The IPSMO activists also emphasized that distrust and paranoia are a bigger problem than infiltration. The longer-term consequences – the sense of destruction and harmed relationships with communities that we are in solidarity with – are much more difficult to bounce back from than the direct effects of the infiltration. Indeed, it seems likely that the choice to out the infiltrator was an intentional effort by the police to create a chilling effect on activism in Ottawa.
“It did sort of dampen enthusiasm in a way. People immediately started to question anybody … who’s not almost mainstream in their activism,” said Bera.
Know your enemy
The infiltration of anarchist, Indigenous solidarity, and anti-Summit organizing from 2009–2010 was part of a long-term effort by the political police to undermine anti-capitalist, Indigenous, and Indigenous solidarity organizing, with specific interest in anti-Olympic and anti-Summit organizing.
Nuanced, strategic organizing should not be hampered by these accounts. Activists can reduce the damage done by infiltrators by being principled in their actions, respectful and accountable in how they organize with others, and by keeping in mind that distrust is usually more harmful than infiltration.

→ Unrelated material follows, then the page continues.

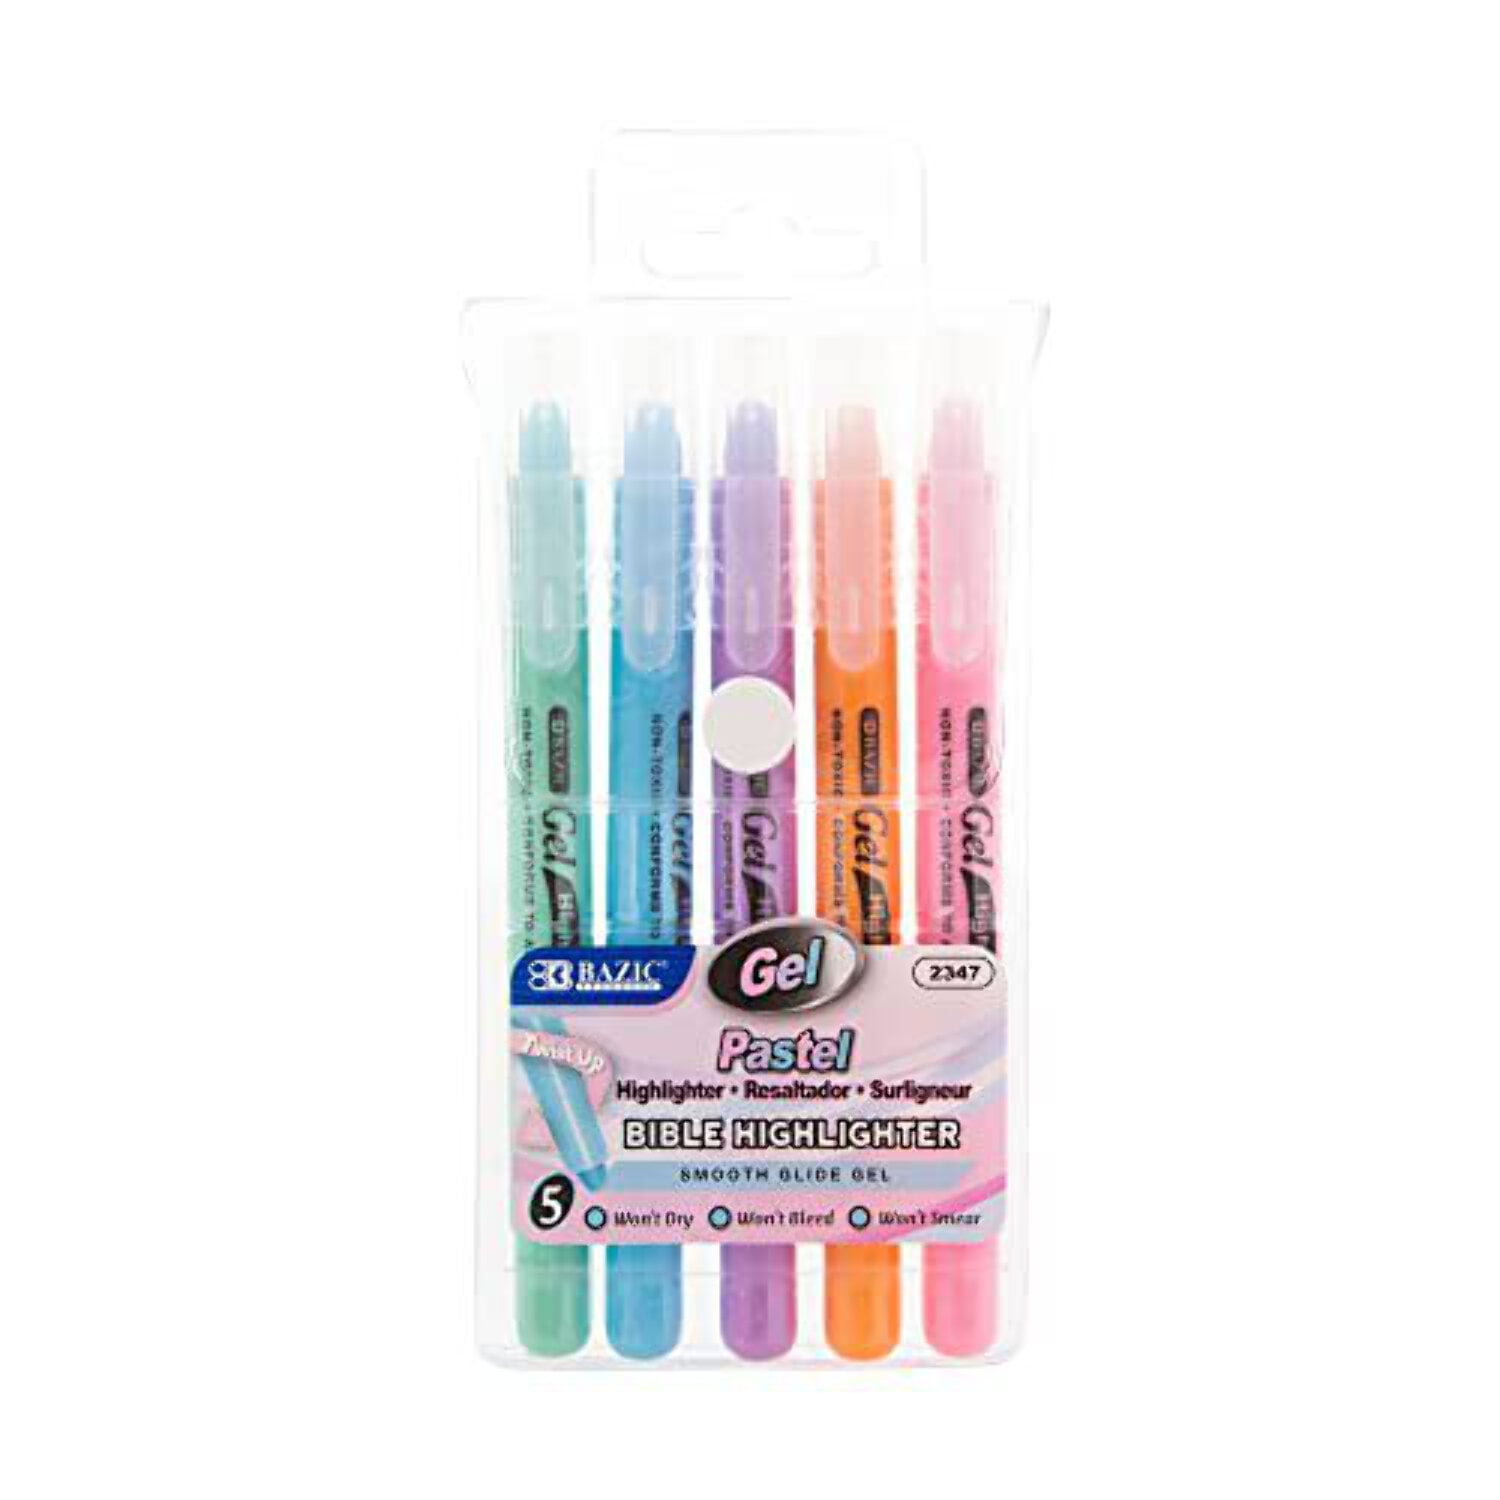 BLIEVE- Bible Highlighters And Pens No Bleed Through, Bible Verse

Some of Leduc’s behaviour that was suspicious included his regular absences from Ottawa, his access to a vehicle, his silence about politics, and his sudden militancy after the arson. Marx, in his essay “Thoughts on a Neglected Category of Social Movement Participant: The Agent Provocateur and the Informant,” writes that other indications of infiltrators include “difficulty in reaching the person directly by phone, reluctance to discuss one’s personal past, discrepancies in biographical information, [and] extensive knowledge of weapons and self-defense.”

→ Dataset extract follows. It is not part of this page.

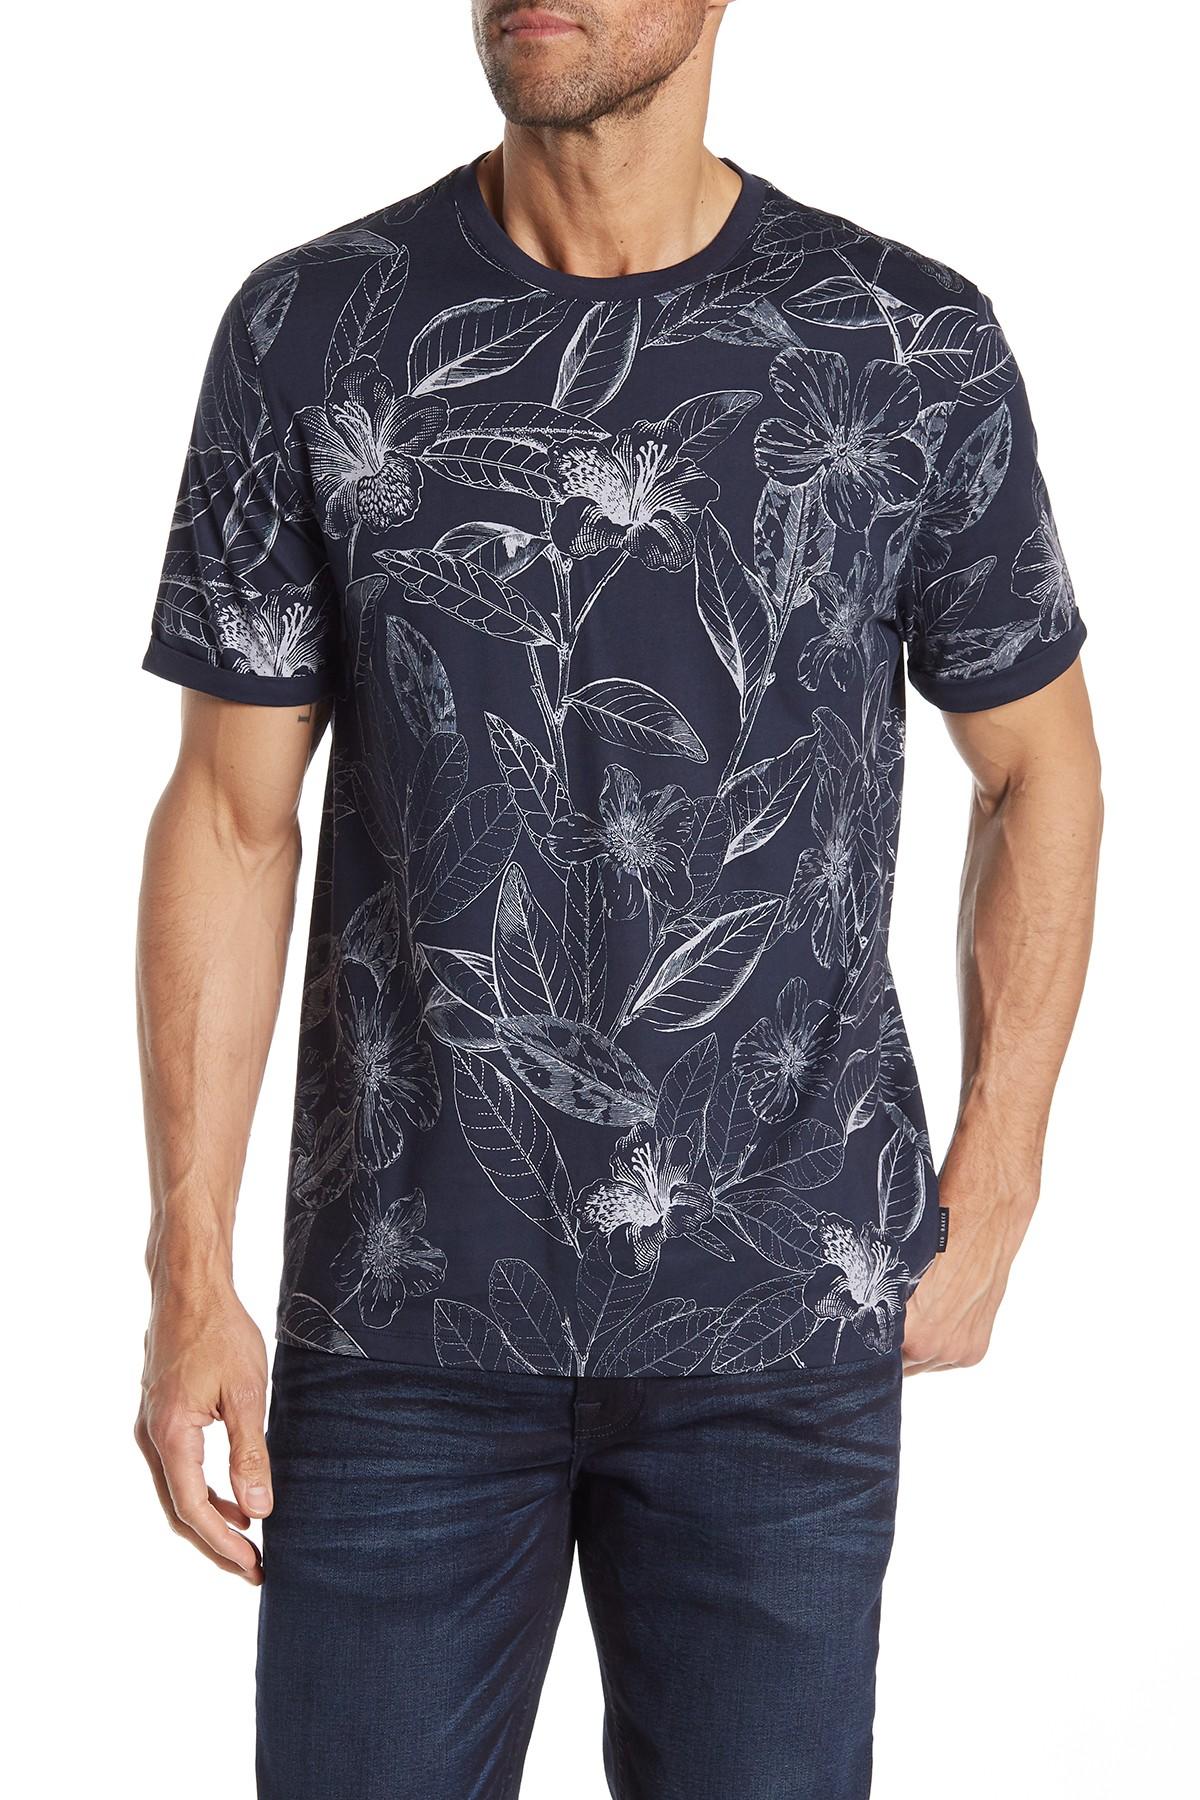 Ted Baker Cotton Short Sleeve Floral Printed T-shirt in Navy (Blue) for

Police and spy agencies continue to gather intelligence and control activist groups across Canada, and officers and paid informants continue to infiltrate activist groups. They drive activists to events, take minutes, and listen attentively to plans, ideas, dreams, and conflicts. Groups that have been infiltrated have noted that there is no uniform or tidy response to the threat. Activists should understand that the political police closely monitor and even moderate political activities with the intention of gathering intelligence on so-called “subversives.” To stay safe, activists must stay informed of police literature and legislation that upholds the conditions for infiltration, and cultivate knowledge of broad organizing methods to limit the harm caused by surveillance. It’s also vital to keep in mind that one of the purposes of surveillance is to promote distrust, and that paranoia is more corrosive to organizing than infiltration. Strategies are neither neat nor foolproof, and political policing tactics are ever changing. Activists should retain their commitment to nurturing relationships with one another and between oppressed communities, but the hard truth is that they must be savvy about their collective safety.